I'll leave you with this on the trust-model idea. Most of the trust models today, even though all this post-cloud-native modernization, I'm sorry, I'm terrible, but most of the models, even for trust today, are still north-south, and we really need to start thinking more about east-west. I'll show you some good examples. One of the things is server-side request forgery or account takeovers in the cloud world. There's a lot of shared accounts, and sometimes zero trust architectures are not enough because if I take over an account or I do server-side request forgery, zero trust is going to trust me.
Let's look at risk. What we want to do in risk is reduce audit toil. Like I said earlier, could the goal be moving subjective to objective? Could we actually turn 30-day audits into zero days where the evidence is digitally signed lists so they're immutable? The audit should be looking at the immutable evidence; nothing could be tampered with.
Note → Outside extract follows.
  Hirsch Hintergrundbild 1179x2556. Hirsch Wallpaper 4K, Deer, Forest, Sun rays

Therefore, increasing the audit efficacy.
Today, in this post-cloud-native modernization, I don't know any better way to say this, but it's very hard to get accurate audit data. Think about it. If you're running ephemeral containers in pods that are moving in clusters, and then you've got service mesh configuration definitions, and then even if you're getting further into functions and serverless, honestly, it's what I call security and compliance theater. People's audits are not even close. There's such a gap between the modern technologies that people are using right now and the way, either the tools or the behaviors, that they use for audit.
So we move to automated, objective, immutable evidence, and like I said earlier, we start thinking about continuous audit and this idea of continuous verification. Think about security chaos engineering.
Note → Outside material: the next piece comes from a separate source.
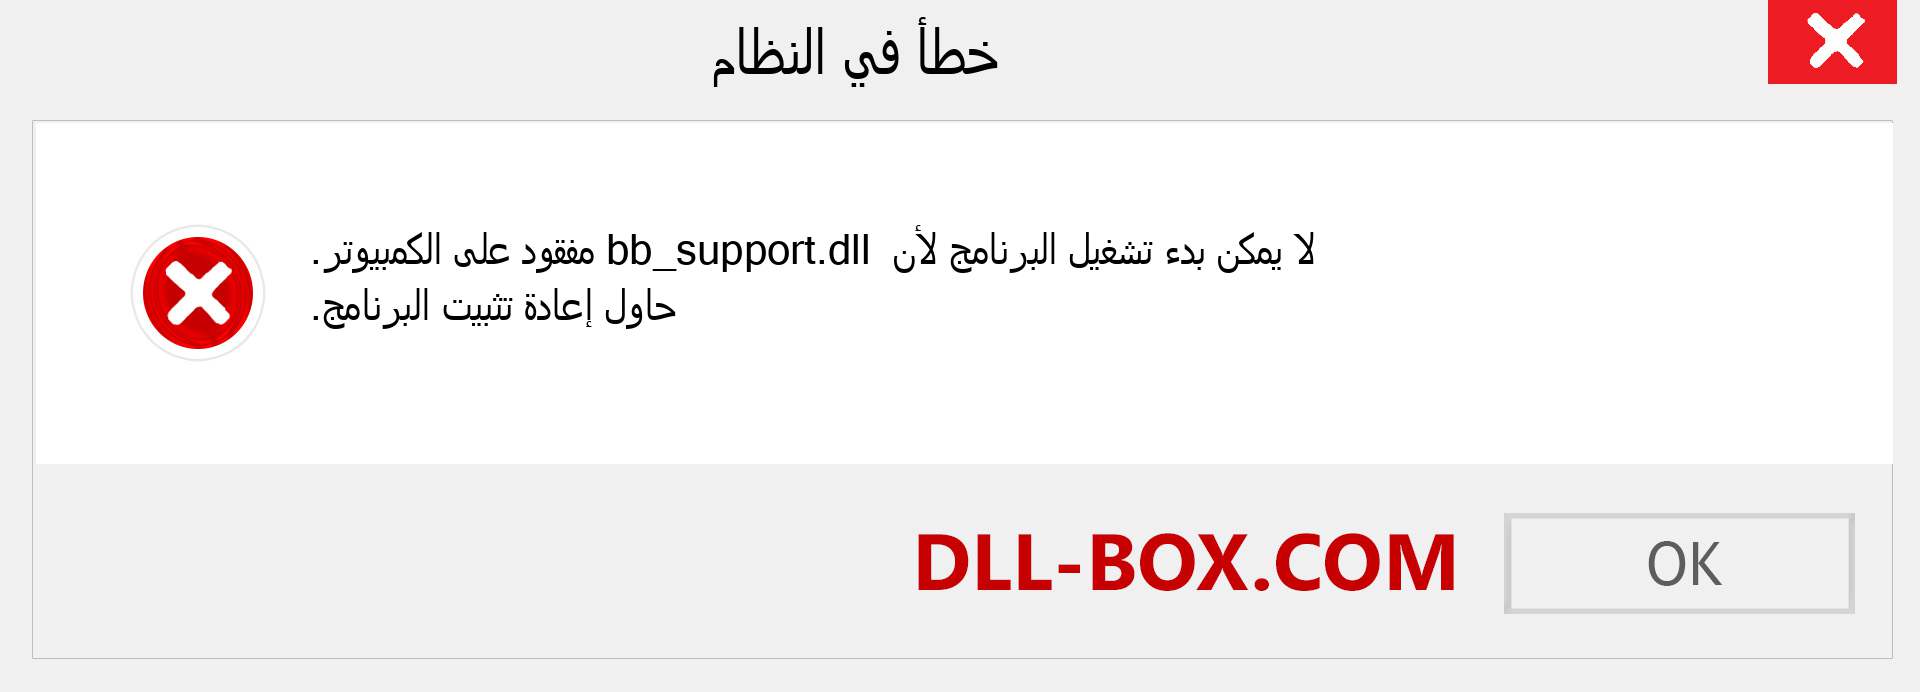 ملف bb_support.dll مفقود ؟. التنزيل لنظام التشغيل Windows 7 و 8 و 10 - إصلاح خطأ bb_support dll المفقود على Windows والصور والصور

A lot of this has been my involvement in, Gene, everybody knows, you've probably seen the DevOps Forum papers. There's probably 75 or 80 of them now over the years, going back to 2014, I think. In 2015, one of the first publications was An Unlikely Union: DevOps and Audit. Then in 2018, Dear Auditor, which was an apology to auditors in about two pages, and then the rest of the pages were a promise for very detailed regulatory control. In 2019, I ran with a team of people where we actually tried to set down this first idea of objective, explicit evidence in the pipeline. It was called DevOps Automated Governance Reference Architecture.
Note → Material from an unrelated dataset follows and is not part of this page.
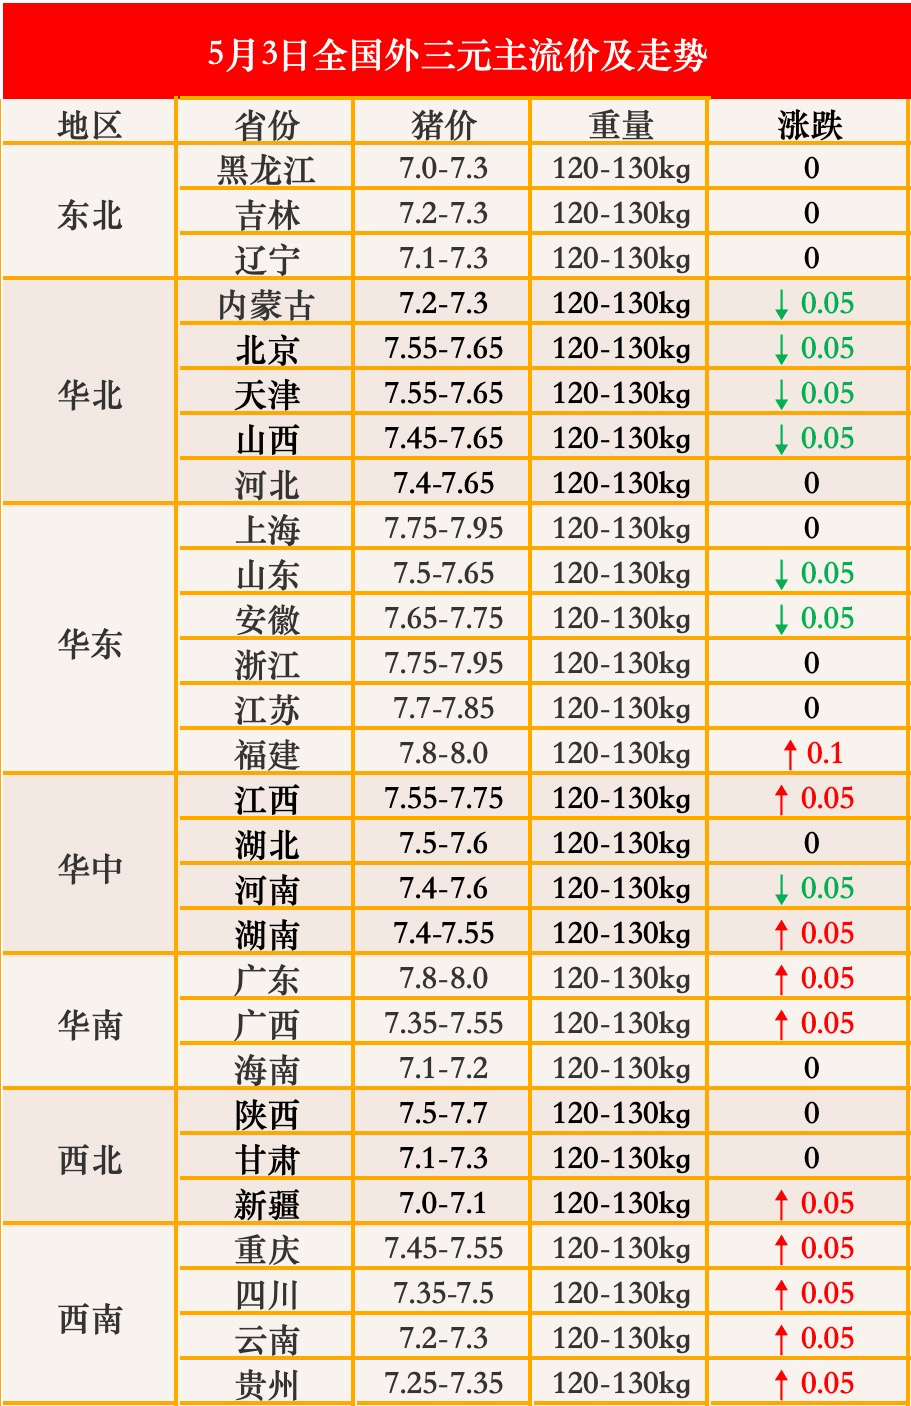 【5月3日猪价】涨跌互现,最高160元/公斤!

A lot of this came from an original paper in 2017 from Capital One, where they were designing their pipelines, and they said these are the 16 gates that a development team needed to do to bypass the CAB, basically. Some of the discussions that were had were, well, if you're going to do that, why can't we use this for immutable evidence? That really created the initial discussions to create that first DevOps Automated Governance Reference Architecture.
You can see source code, optimum branching strategy, all the things that you would expect in a healthy delivery supply chain. In that 2019 paper, we defined seven stages, and we created, I think, 75 attestation definitions. It's a Creative Commons book. We really break down, if you look at the authors on there, John Rzeszotarski, Topo Pal, Courtney Kissler, I'm probably leaving some people out, Dwayne Holmes, and so on.
I won't go through all these, but these are examples of things that were in the original attestation or ones that we've picked up in the community. Setting things like all these things that you could set pass/fail or at least put in an audit store: change size or unit test execution, unit test coverage, cyclomatic complexity, optimum branching strategy. I won't go through all of these.
Some of the things you see in the build stage, again, if you get the guide, you can see the longer version with detailed descriptions. On the package stage, we want to make sure that our artifacts are versioned, there's code signing, there's container scanning, there's the right package metadata. All this hygiene stuff. And in pre-prod, there's some more.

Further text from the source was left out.